A pull for wider service is coming from big corporate customers. Already globalized, they want the convenience of dealing with a single phone company around the world - especially if that company can provide advanced services to make Tokyo as easy to reach as Tacoma. The competition should also bring down corporate rates.

The money is not just in service, it is in equipment too. In April, AT&T announced potentially its biggest equipment deal yet. The Hainan Posts and Telecommunications Bureau is spending some $12.4 million to install AT&T switching equipment. The deal is the first since the telecommunications giant and the Chinese government signed a memorandum of understanding to supply telecommunications equipment.
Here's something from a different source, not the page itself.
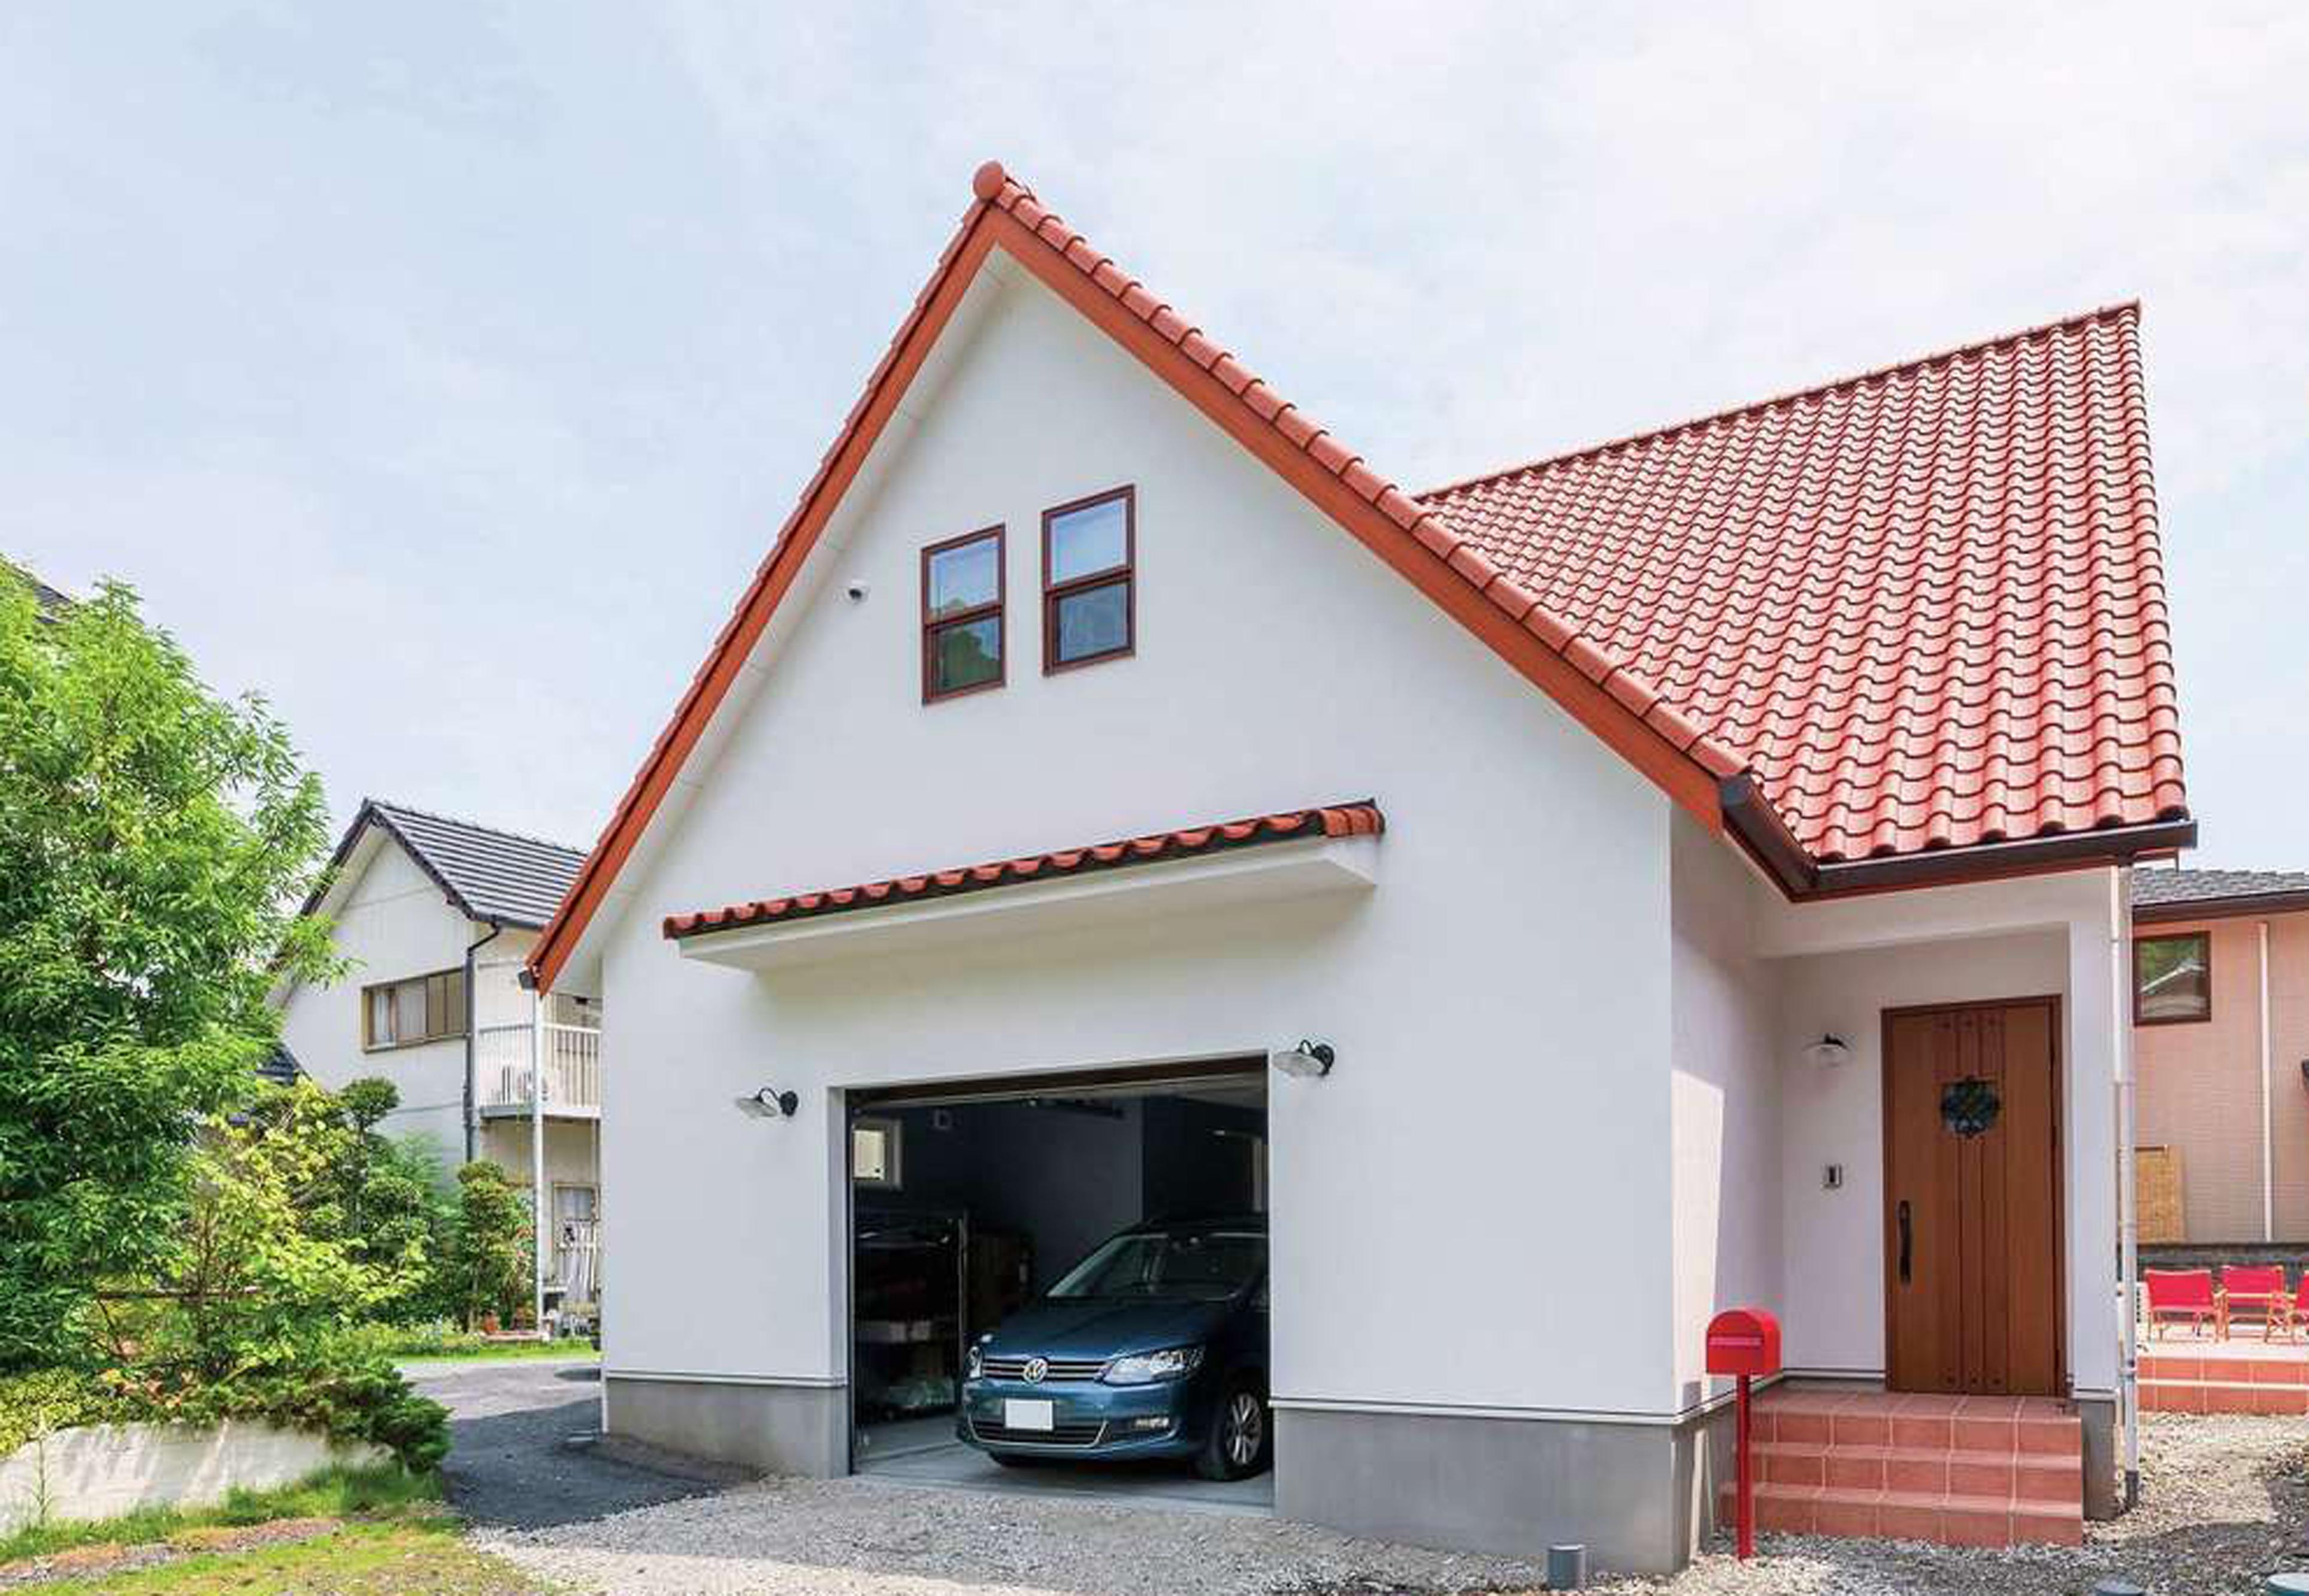 ハートホーム【輸入住宅、自然素材、ガレージ】電線の引き込みやアンテナケーブルは地中を通して、理想の外観を実現。屋根の形状、窓の位置まで計算し尽くされたデンマーク住宅

Telephone density - the number of lines per 100 population - is only about 1.67 in China. (In the US, it is about 50.) If the Chinese can move that density to just 2.67, it would mean more business than AT&T's current share of the US equipment market. China is ambitious: It aims to boost tele-density to about 20 by the end of the decade.

In 1983, foreign revenues made up only 8 percent of AT&T's business. Today, it accounts for about 25 percent. By the year 2000, AT&T plans to have half of its business coming from abroad. One-sixth of the company's employees already work abroad.

"We see growing our business outside the United States as the single most important growth imperative," Tobias says.

All these moves will make international telecommunications a complicated industry. Telephone companies in one country will be leasing lines from foreign competitors, heating up competition, even as they seek alliances to create global networks.

"In the international telecommunications market, the two concepts coexist: one is competition and the other is cooperation," says Takeo Miura, deputy director of the Washington office of Kokusai Denshin Denwa Company, Japan's largest international carrier. "One hand shakes hands with all other carriers. The other hand shakes hands very selectively."